# L4.1 not opening PSD from cs6



## sracer357 (Apr 18, 2012)

Hi,

I worked on some photos on PS CS6 and saved my files as a psds. However, when I try to open the files  in L4.1 I get an error message"Lightroom has encounter problems reading this photo" and will not display them. Anyone having any issues. I've been using cs6 and L4 for a few weeks with no issues, this is a first.


----------



## Denis de Gannes (Apr 18, 2012)

Lightroom does not work with files with Layers so if the files has layers I understand you have to save with max capability. (I am not a PS CS user so someone else could explain what you need to do in Photoshop).


----------



## Victoria Bampton (Apr 20, 2012)

Denis de Gannes said:


> I am not a PS CS user so someone else could explain what you need to do in Photoshop.

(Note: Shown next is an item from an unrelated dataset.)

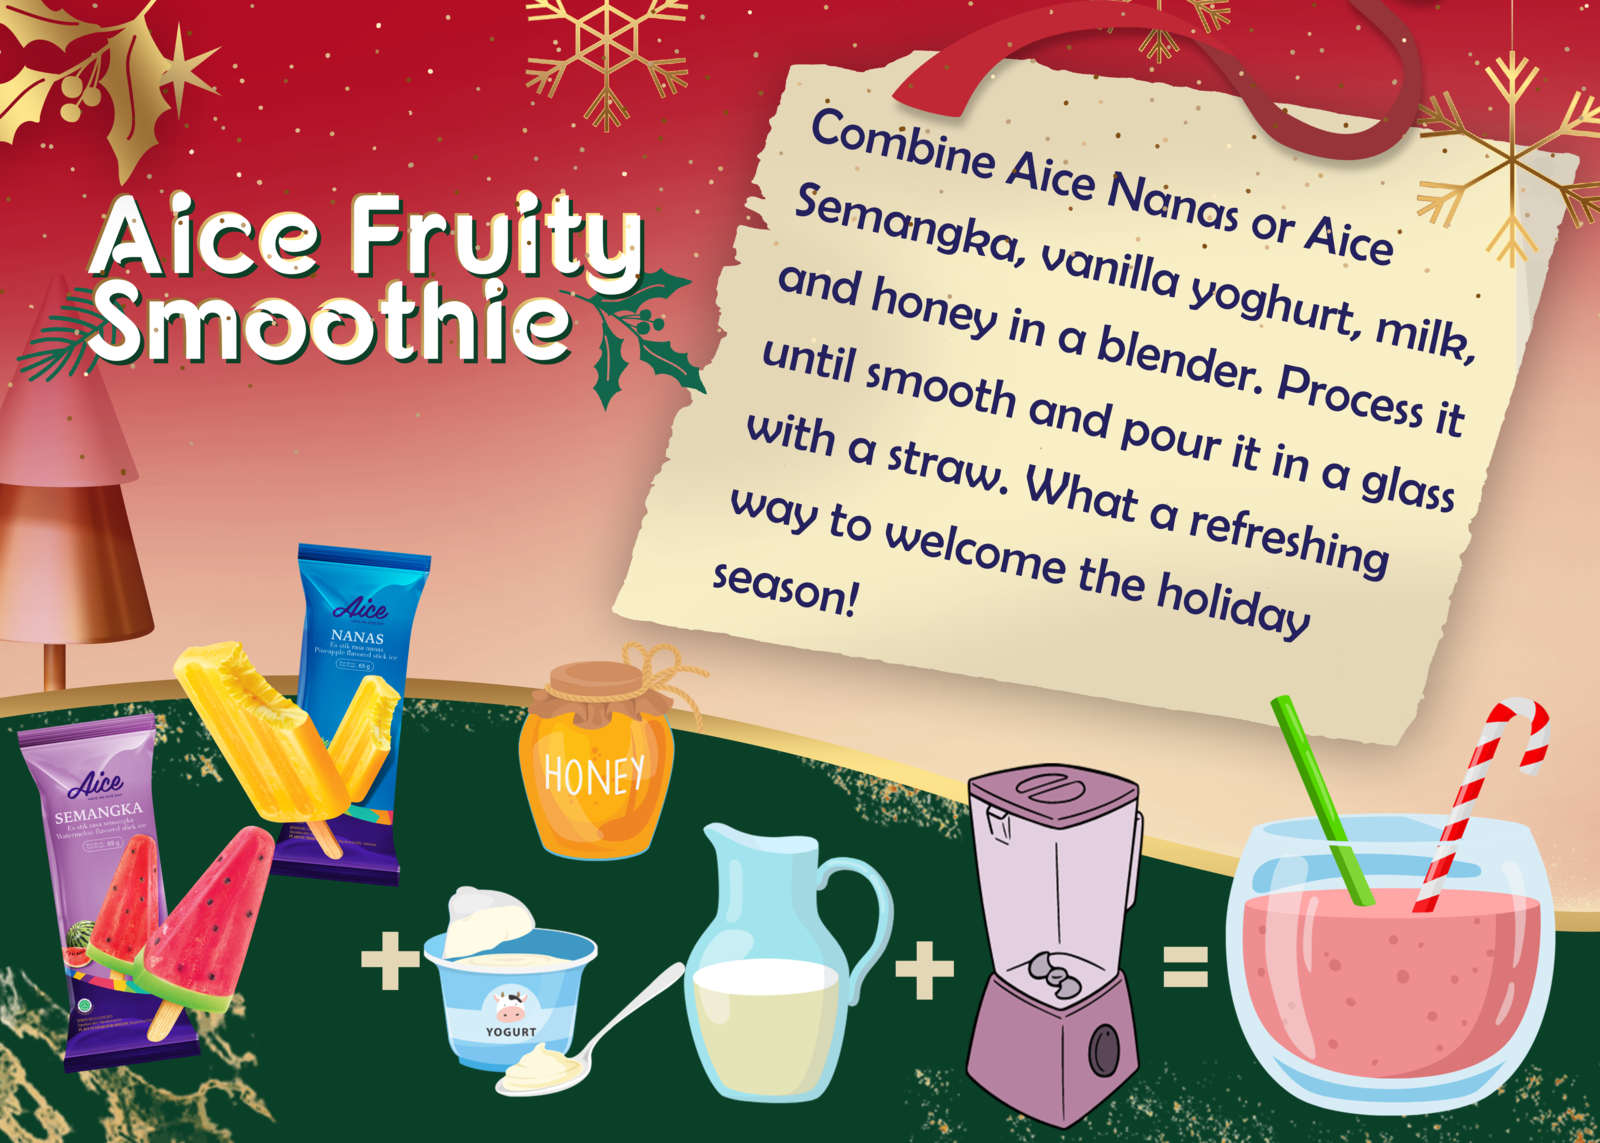 Aice_Fruity_Smoothie
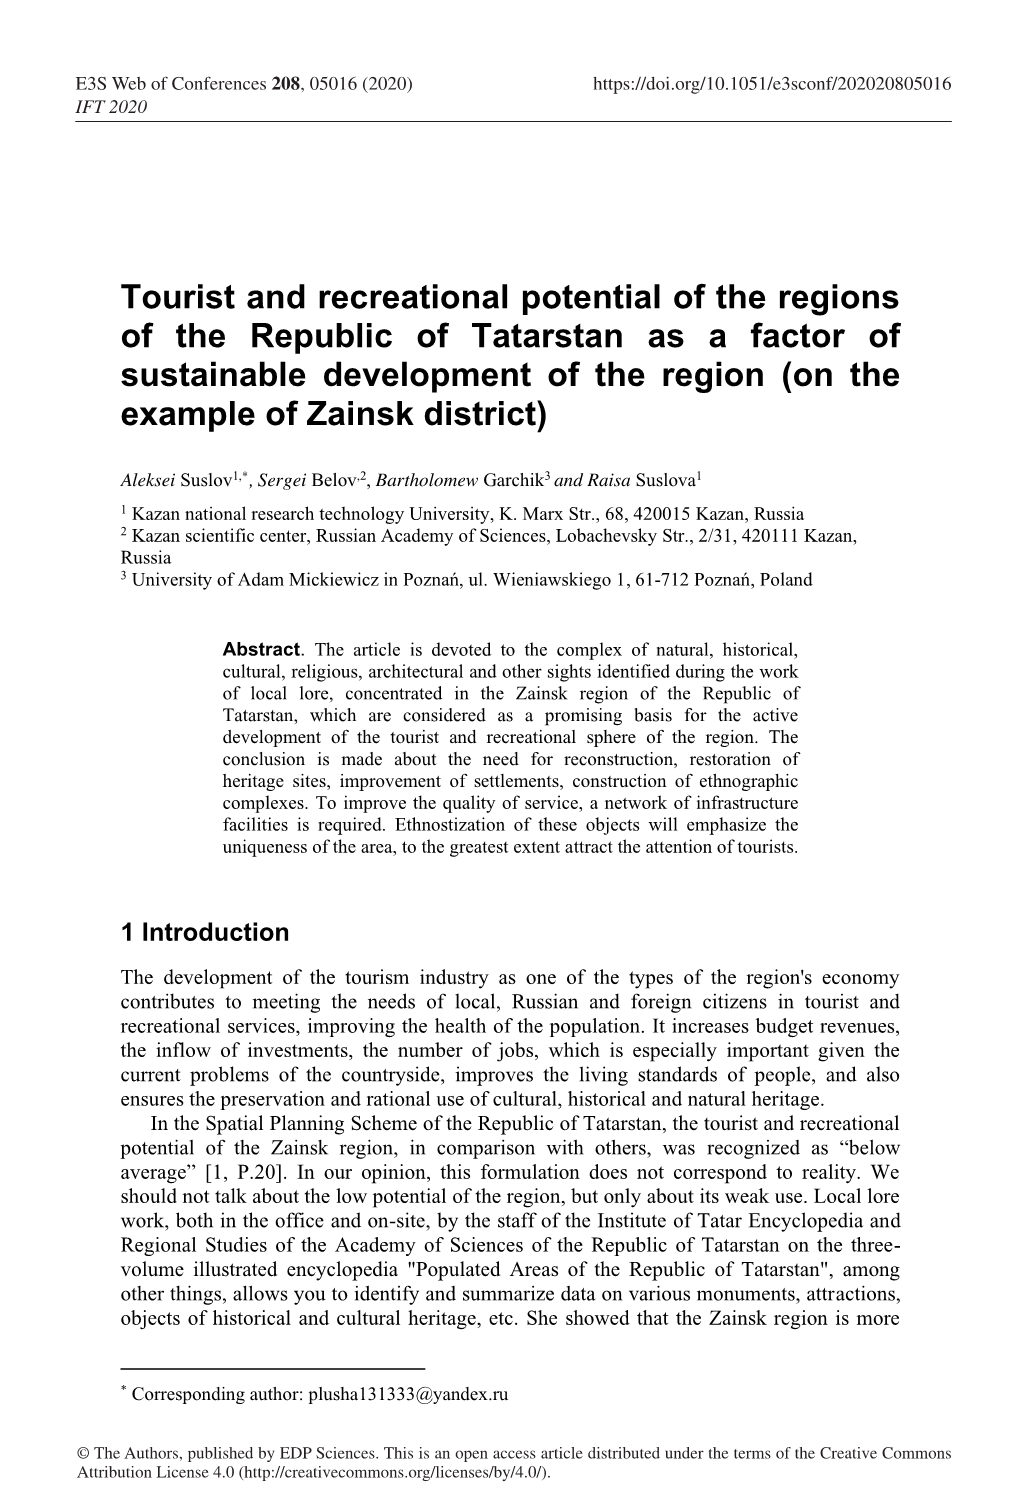 Tourist and Recreational Potential of the Regions of the Republic Of

You’ll find Photoshop’s Preferences under the Edit menu (Windows) / Photoshop menu (Mac), and in the File Handling > File Compatibility section, there’s an option to ‘Maximize Compatibility’ with other programs by embedding a composite preview in the file. The preference only applies to PSD and PSB format files, as other formats such as TIFF embed the composite by default.

Also, if that's set to 'Ask', then you'll be asked when you save a file with layers.


----------